O rosto nos identifica, diz o cirurgião plástico Robert Ledgard (interpretado por Antonio Bandeiras), no início do filme La Piel que Habito (Dir. Pedro Almodóvar, 2011). Não é verdade, como ele mesmo admite algum tempo depois. O que caracteriza exteriormente um homem ou uma mulher é o corpo. Poucas situações são mais angustiantes do que viver dentro de um corpo que não corresponde à projeção mental que o indivíduo faz de si mesmo. A figura da travesti, corpo em mutação, expõe esse descompasso.
Baseado no romance Mygale (Tarântula), de Thierry Jonquet, La Piel que Habito é, para dizer o mínimo, um filme desagradável. Com o passar do tempo e a multiplicação dos títulos que integram a sua filmografia, Almodóvar perdeu o senso de humor. Seus últimos filmes se caracterizam pela seriedade, pela melancolia, pela necessidade agressiva de causar desconforto no espectador. Parece outro. Definitivamente, não é mais aquele que dirigiu Mujeres al borde de un ataque de nervios (1988) e Tacones Lejanos (1991). Será isso ruim? Difícil dizer, mas muitos fãs detestam essa fase negra de Almodóvar.

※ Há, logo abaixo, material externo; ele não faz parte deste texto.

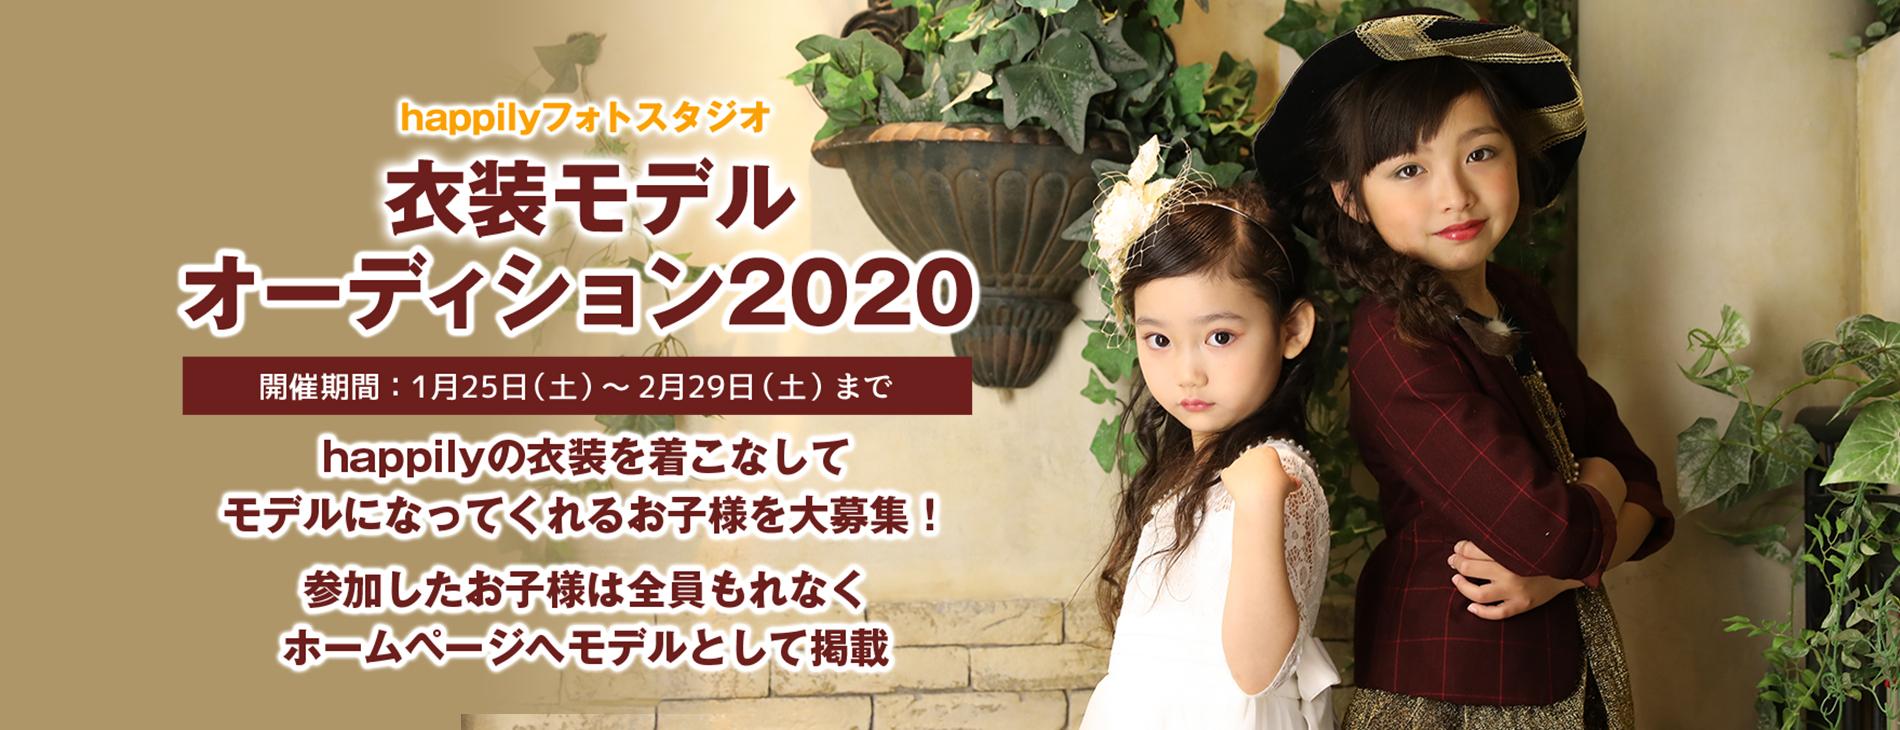 happily衣装モデルオーディション 2020

La Piel que Habito conta uma história trágica, onde o voyeurismo e a insensatez se misturam em uma argamassa de horror. Robert perdeu a esposa depois de um acidente automobilístico – ela estava fugindo com o amante (Zeca, irmão de Robert). A filha do casal sofreu uma tentativa de estupro durante uma festa. Seguindo a trilha das disfunções emocionais, a menina enlouquece. Mais tarde, suicida−se.
O que não pode conseguir o amor de um louco?, pergunta Marília, a dublê de empregada e mãe de Robert e Zeca. A resposta não é fácil, embora o filme tenha a pretensão de demonstrar − de maneira pouco ortodoxa − o que pode ocorrer no encontro entre o ódio sem limites e um homem sem compromisso ético, que deseja vingar a filha e recuperar o afeto da mulher que o abandonou.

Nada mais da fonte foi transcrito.